- Theatrical release poster
- ہو من جہاں
- Directed by: Asim Raza
- Written by: Asim Raza
- Screenplay by: Rashna Abidi Imtisal Abbasi
- Produced by: Sheheryar Munawar Asim Raza
- Starring: Adeel Hussain Mahira Khan Sonya Jehan Sheheryar Munawar
- Cinematography: Salman Razzaq Khan
- Edited by: Amir Saif
- Music by: Zebunissa Bangash Atif Aslam Faakhir Mehmood Taha Malik
- Production company: The Vision Factory Films
- Distributed by: ARY Films
- Release dates: 31 December 2015 (UAE); 1 January 2016 (Pakistan);
- Running time: 170 minutes
- Country: Pakistan
- Language: Urdu

= Ho Mann Jahaan =

2016 Pakistani film by Asim Raza

Ho Mann Jahaan ( 'What the Heart Wills') is a 2015 Pakistani coming-of-age musical drama film, written and directed by Asim Raza in his directorial debut.
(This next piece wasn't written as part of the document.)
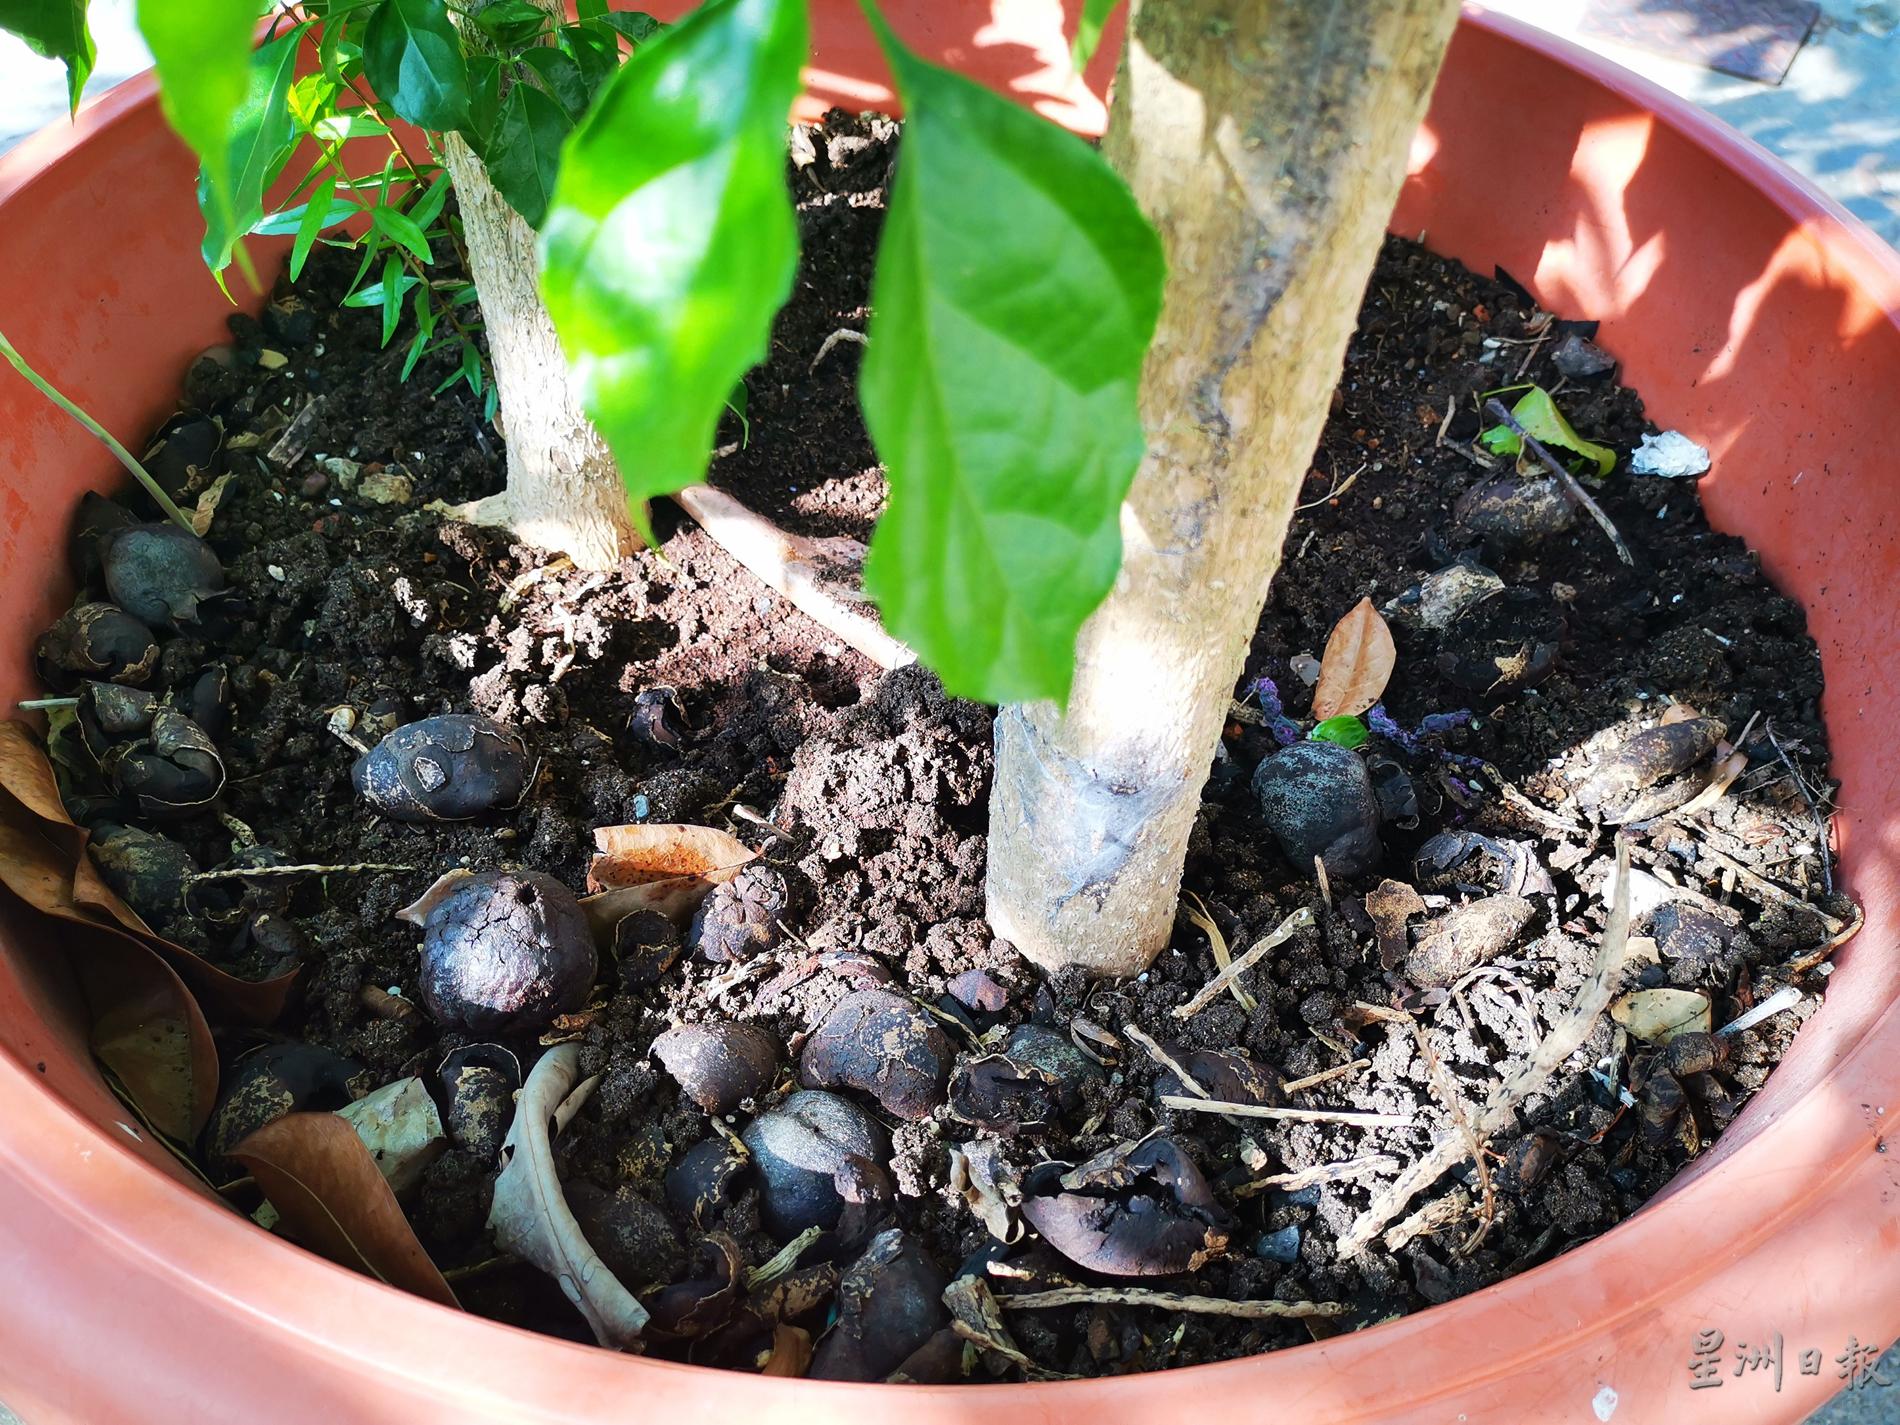 用蚯蚓粪、燕子粪及水果果皮施肥，以让土壤肥沃。

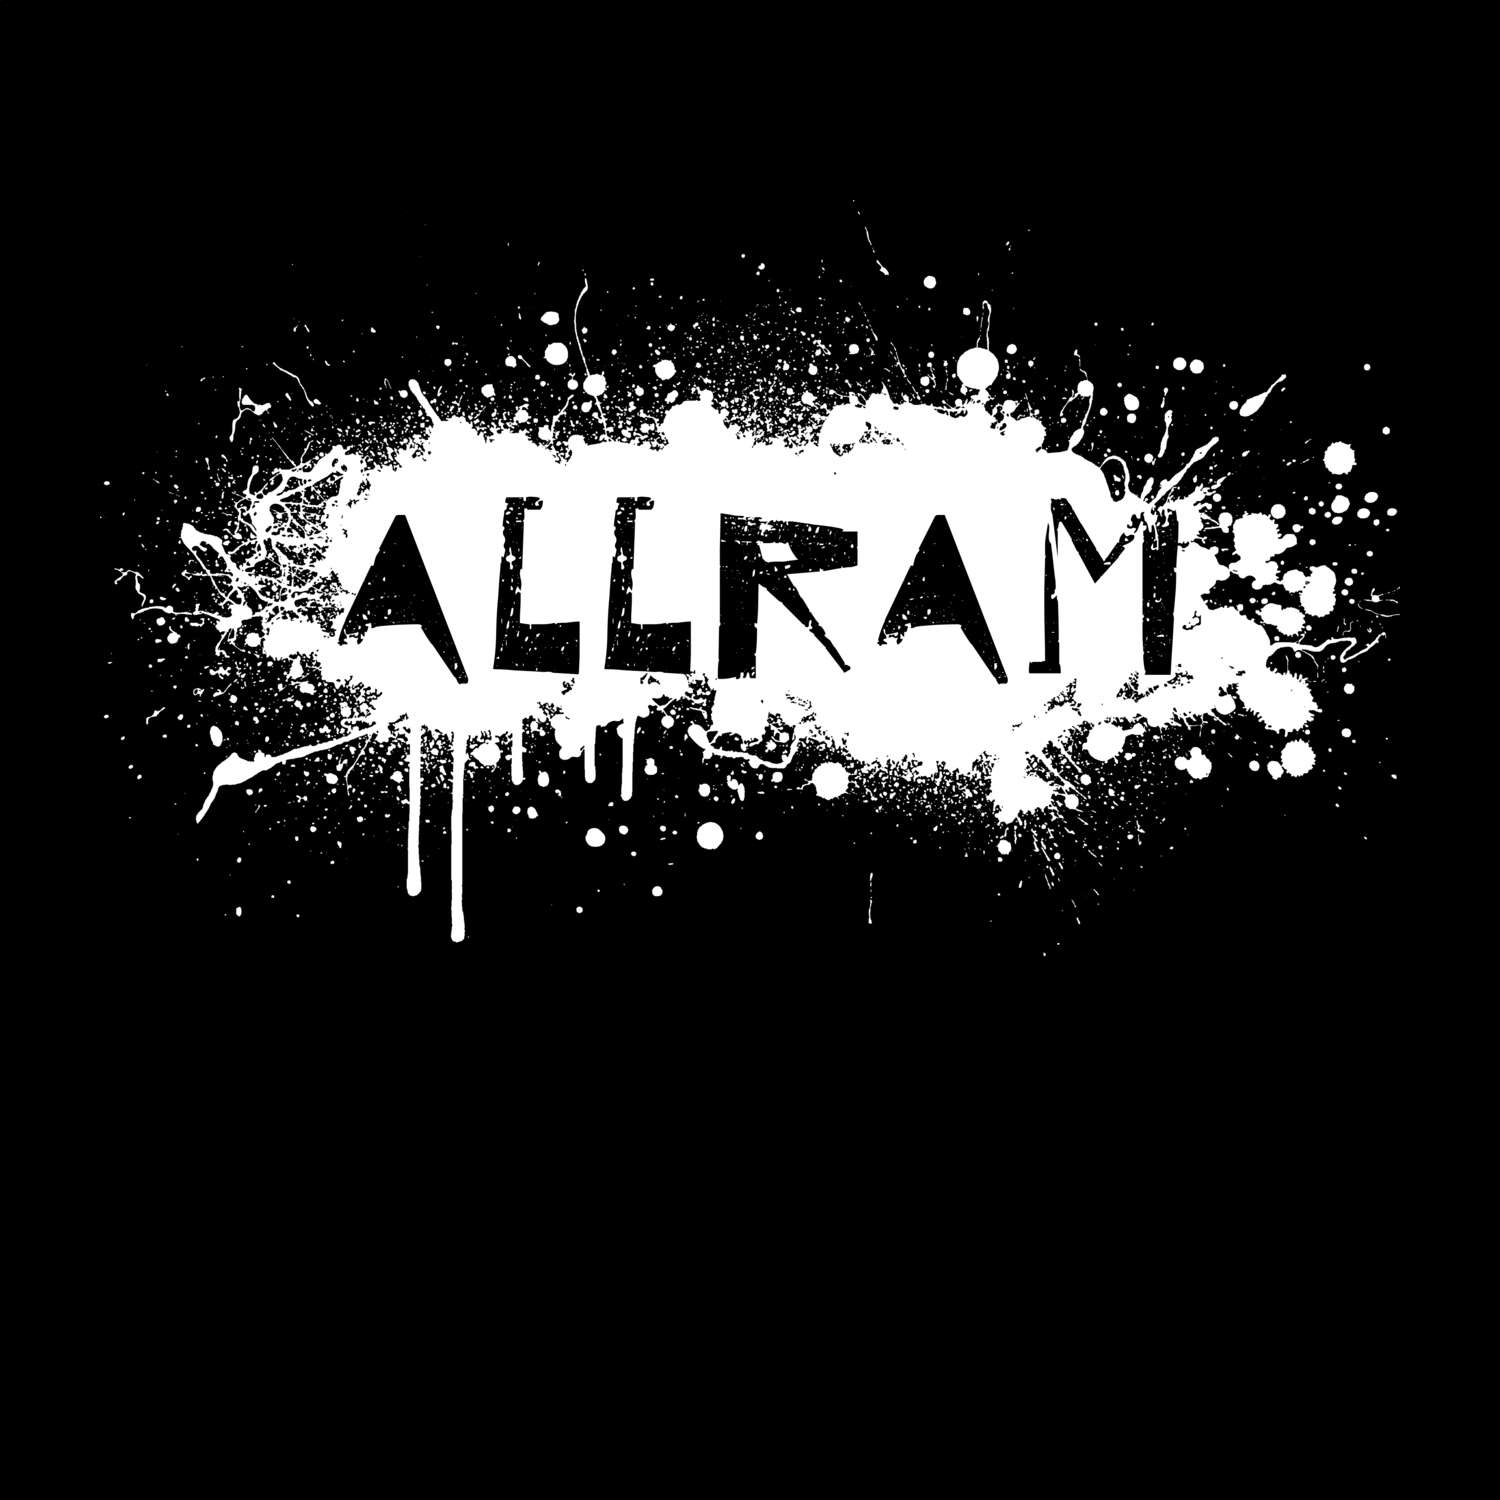 Allram T-Shirt »Paint Splash Punk«

The screenplay was written by Rashna Abdi, Imtisal Abbasi and Asim Raza, while dialogues were written by Asim Raza, Imtisal Abbasi, Rashna Abdi and Yasir Hussain. The film stars Adeel Hussain, Mahira Khan, Sheheryar Munawar and Sonya Jehan, along with veterans Bushra Ansari, Arshad Mahmud, Jamal Shah and Munawar Siddiqui as part of the cast. It is produced in Urdu.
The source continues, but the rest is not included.